The recent advance arose from an earlier setback. Ramdani and other researchers were working toward tiny transistors free of the current leaks that plague such components (SN: 3/25/00, p. 204: https://www.sciencenews.org/20000325/bob2.asp). In 1999, the researchers made what the company declared to be “the world’s thinnest functional transistor” by growing a scanty layer of the ceramic material strontium titanate (STO) on silicon. Yet when they tried to pare that layer further, oxygen corrupted the underlying silicon, creating a spongy layer of silicon dioxide beneath the STO.

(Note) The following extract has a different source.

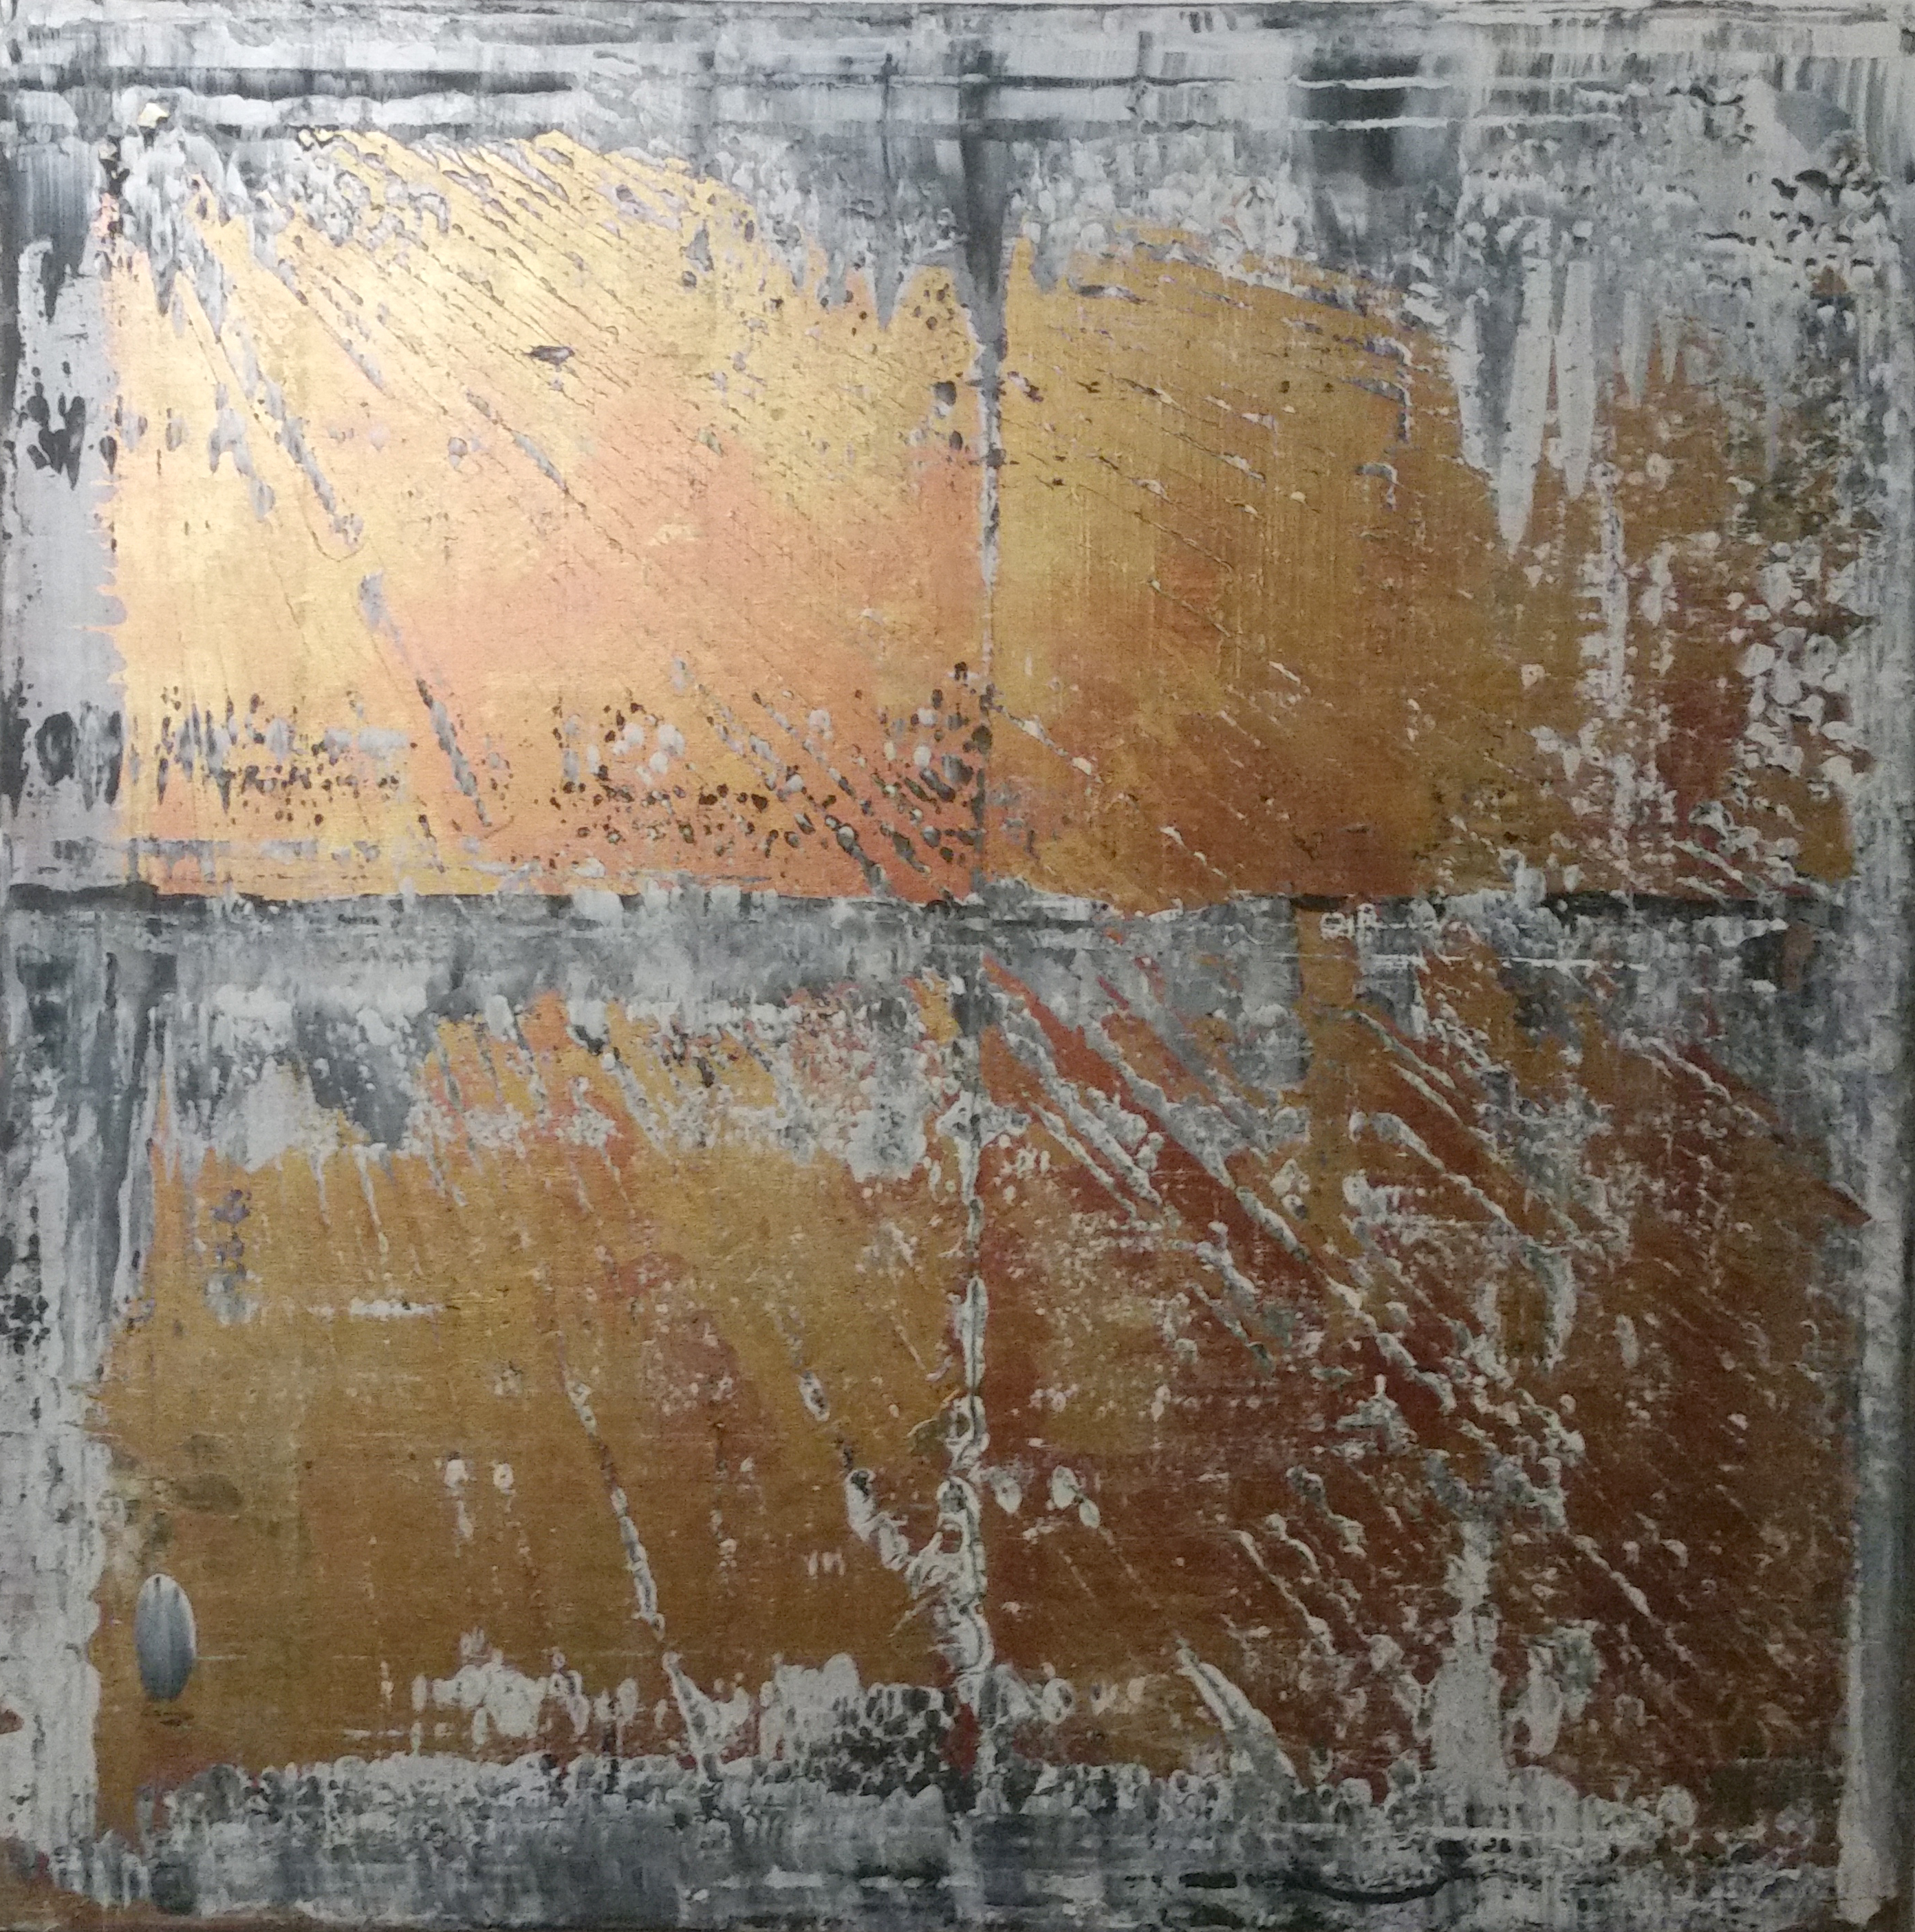 90 x 90 cm, Acryl auf Leinwand, Mischtechnik

At first, Ramdani considered the new layer an obstacle. But he says that while vacationing on a beach, he realized that the layer might be a godsend. He had noticed that it enabled the STO crystal to relax despite a 2 percent mismatch with the silicon. Ramdani began wondering whether the STO would serve the same function for gallium arsenide.
Initial experiments confirmed his hunch. In the 2 years since, the roughly 100 researchers assigned to the project have surmounted many hurdles, including getting gallium arsenide to bond to the entire surface of an underlying layer of STO.

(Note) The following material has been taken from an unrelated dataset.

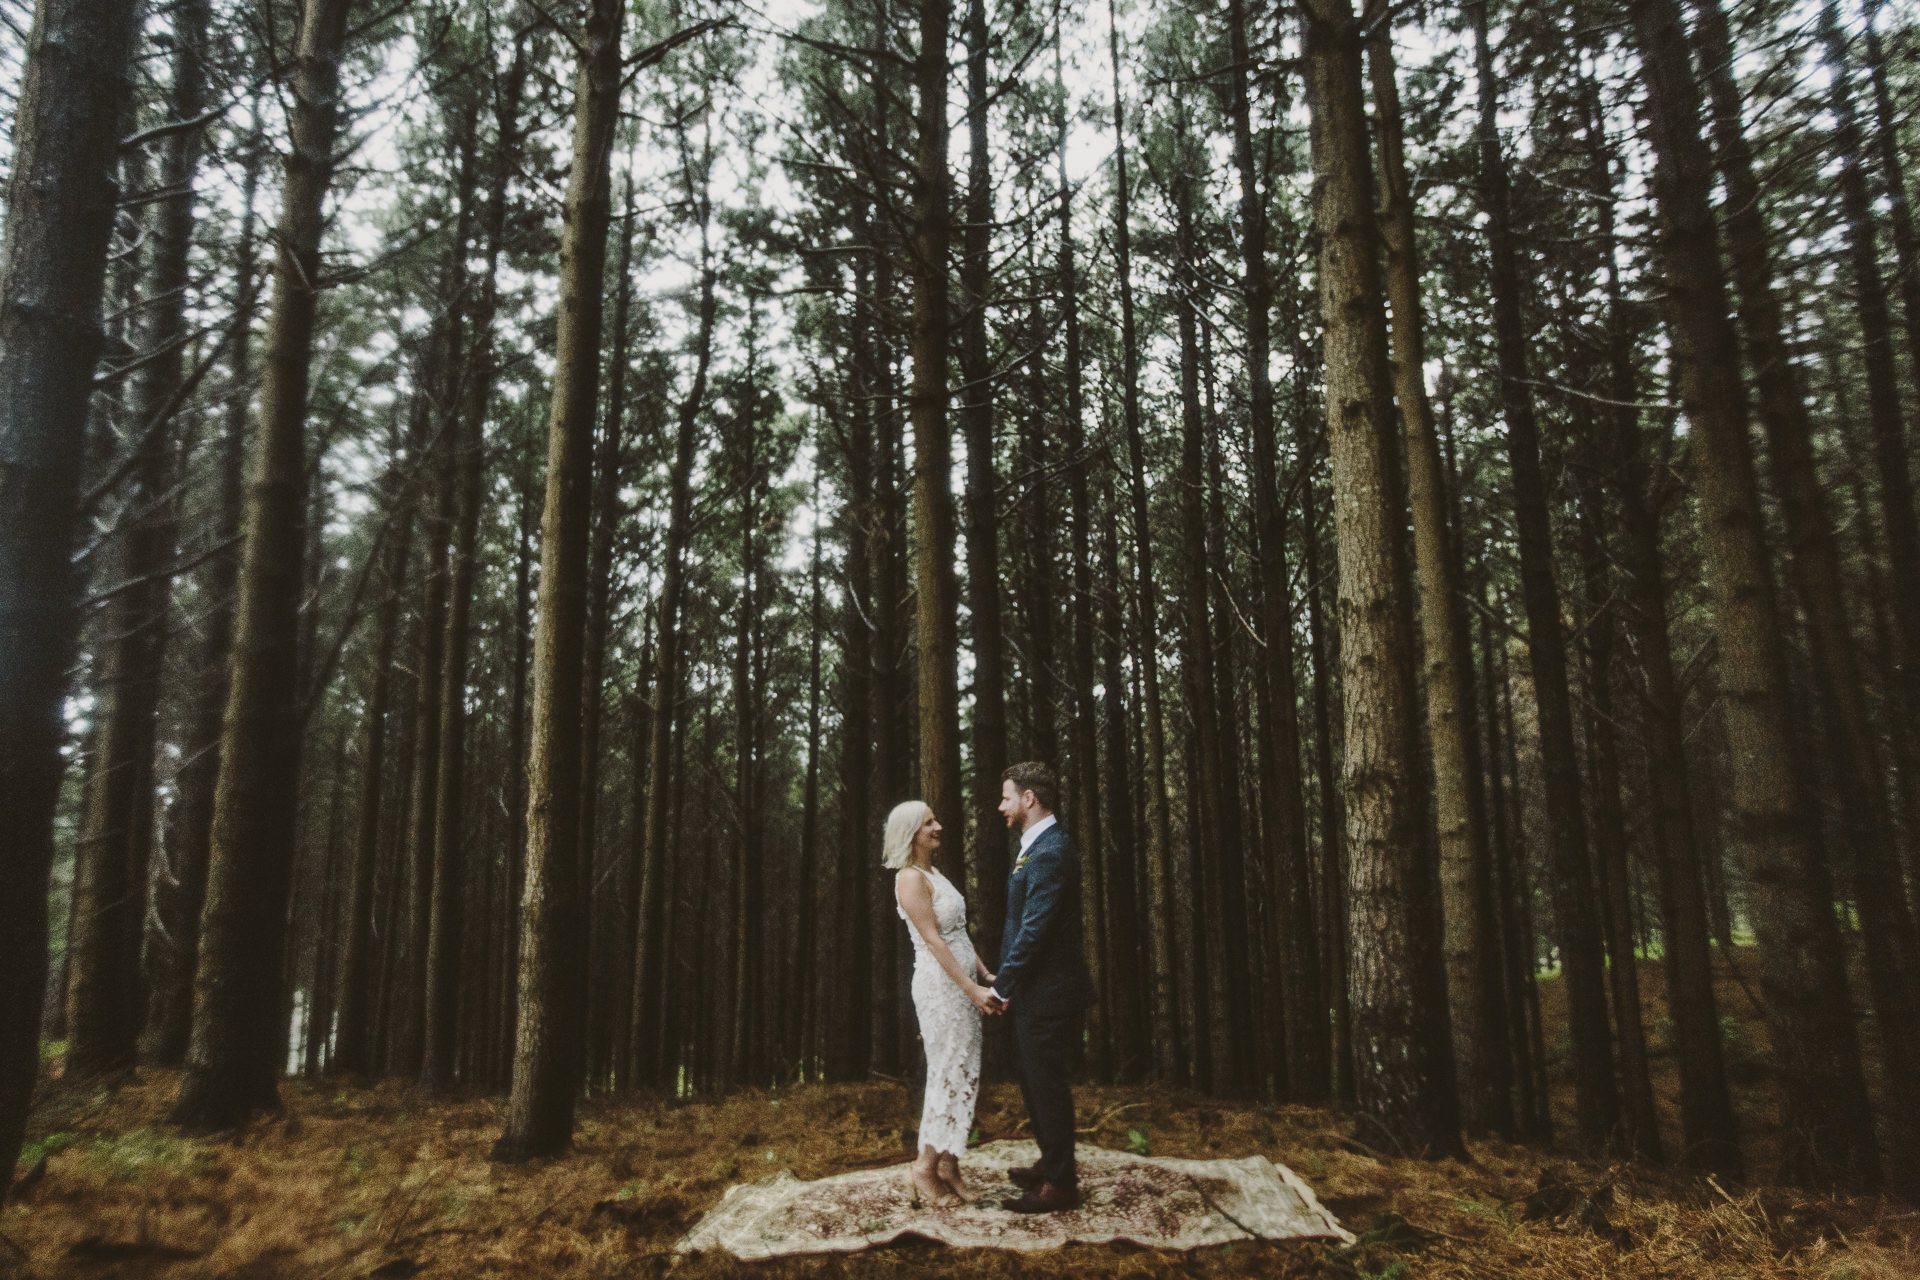 hamilton-wedding-portrait-photographer-at-205

These investigators have also made working cell-phone amplifiers and an infrared-light-emitting device using the new wafers. What’s more, they’ve made wafers with 300-millimeter diameters–twice that of the largest wafers of gallium arsenide alone. The amplifiers will hit the market within months, the company predicts.
The gallium arsenide feat may be just a beginning. Different interlayers should allow other semiconductors, such as indium phosphide, to grow on silicon. Whereas gallium arsenide transistors are about 10 times as fast as those of silicon, indium phosphide transistors up the pace by another factor of 10.
“If they can do it with gallium arsenide, they can do it with other materials,” surmises Vincent P. LaBella of the University of Arkansas in Fayetteville.